[英]correct way to create batch for pytorch.nn.lstm batch training
I am new to lstm and have a code that looks like this.我是 lstm 的新手,并且有一个看起来像这样的代码。
class TD3(object):
def __init__(
self,
state_dim,
action_dim,
max_action,
):
self.actor = Actor(state_dim, action_dim, max_action).to(device)
self.actor_target = Actor(state_dim, action_dim,
max_action).to(device)
self.actor_target.load_state_dict(self.actor.state_dict())
self.actor_optimizer = torch.optim.Adam(self.actor.parameters())
self.critic = Critic(state_dim, action_dim).to(device)
self.critic_target = Critic(state_dim, action_dim).to(device)
self.critic_target.load_state_dict(self.critic.state_dict())
self.critic_optimizer = \
torch.optim.Adam(self.critic.parameters())
self.max_action = max_action
def select_action(self, state, hx1):
(hx, cx) = hx1
x = self.actor(state, hx1)
return x
def train(
self,
replay_buffer,
iterations,
batch_size=50,
discount=0.99,
tau=0.005,
policy_noise=0.2,
noise_clip=0.5,
policy_freq=2,
):
for it in range(iterations):
print ('it: ', it, ' iterations: ', iterations)
# Step 4: We sample a batch of transitions (s, s’, a, r) from the memory
(batch_states, batch_next_states, batch_actions,
batch_rewards, batch_dones) = \
replay_buffer.sample(batch_size)
batch_states = batch_states.astype(float)
batch_next_states = batch_next_states.astype(float)
batch_actions = batch_actions.astype(float)
batch_rewards = batch_rewards.astype(float)
batch_dones = batch_dones.astype(float)
state = torch.from_numpy(batch_states)
next_state = torch.from_numpy(batch_next_states)
action = torch.from_numpy(batch_actions)
reward = torch.from_numpy(batch_rewards)
done = torch.from_numpy(batch_dones)
b_size = 1
seq_len = state.shape[0]
batch = b_size
input_size = state_dim
# for h and c shape (num_layers * num_directions, batch, hidden_size)
h0 = torch.zeros(1, 1, 256)
c0 = torch.zeros(1, 1, 256)
state = torch.reshape(state, (seq_len, batch, state_dim))
next_state = torch.reshape(next_state, (seq_len, batch,
state_dim))
done = torch.reshape(done, (seq_len, batch, 1))
reward = torch.reshape(reward, (seq_len, batch, 1))
# Step 5: From the next state s’, the Actor target plays the next action a’
next_action = self.actor_target(next_state, (h0, c0))
next_action = next_action[0]
# Step 6: We add Gaussian noise to this next action a’ and we clamp it in a range of values supported by the environment
noise = torch.Tensor(next_action).data.normal_(0,
policy_noise).to(device)
noise = noise.clamp(-noise_clip, noise_clip)

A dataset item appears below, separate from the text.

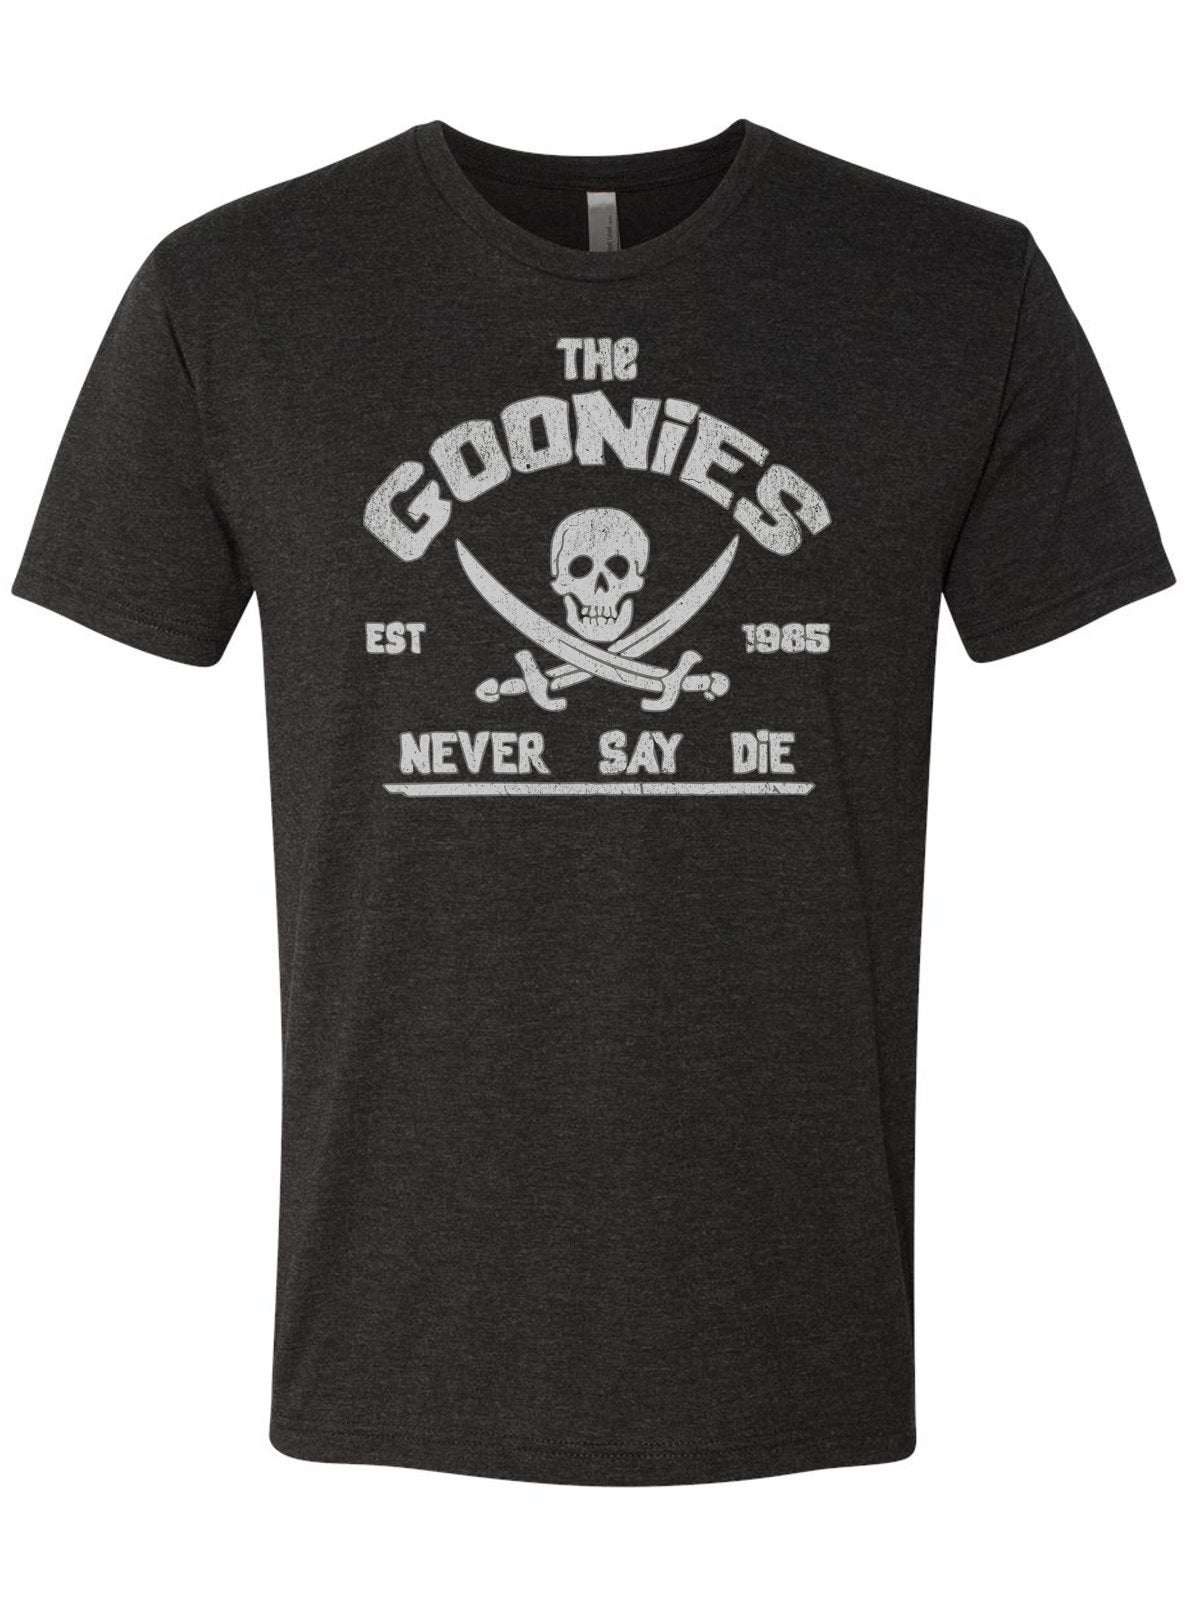 Vintage Black Goonies Never Say Die T-Shirt | Retro Men's Apparel -

next_action = (next_action + noise).clamp(-self.max_action,
self.max_action)
# Step 7: The two Critic targets take each the couple (s’, a’) as input and return two Q-values Qt1(s’,a’) and Qt2(s’,a’) as outputs
result = self.critic_target(next_state, next_action, (h0,
c0))
target_Q1 = result[0]
target_Q2 = result[1]
# Step 8: We keep the minimum of these two Q-values: min(Qt1, Qt2)
target_Q = torch.min(target_Q1, target_Q2).double()
# Step 9: We get the final target of the two Critic models, which is: Qt = r + γ * min(Qt1, Qt2), where γ is the discount factor
target_Q = reward + (1 - done) * discount * target_Q
# Step 10: The two Critic models take each the couple (s, a) as input and return two Q-values Q1(s,a) and Q2(s,a) as outputs
action = torch.reshape(action, next_action.shape)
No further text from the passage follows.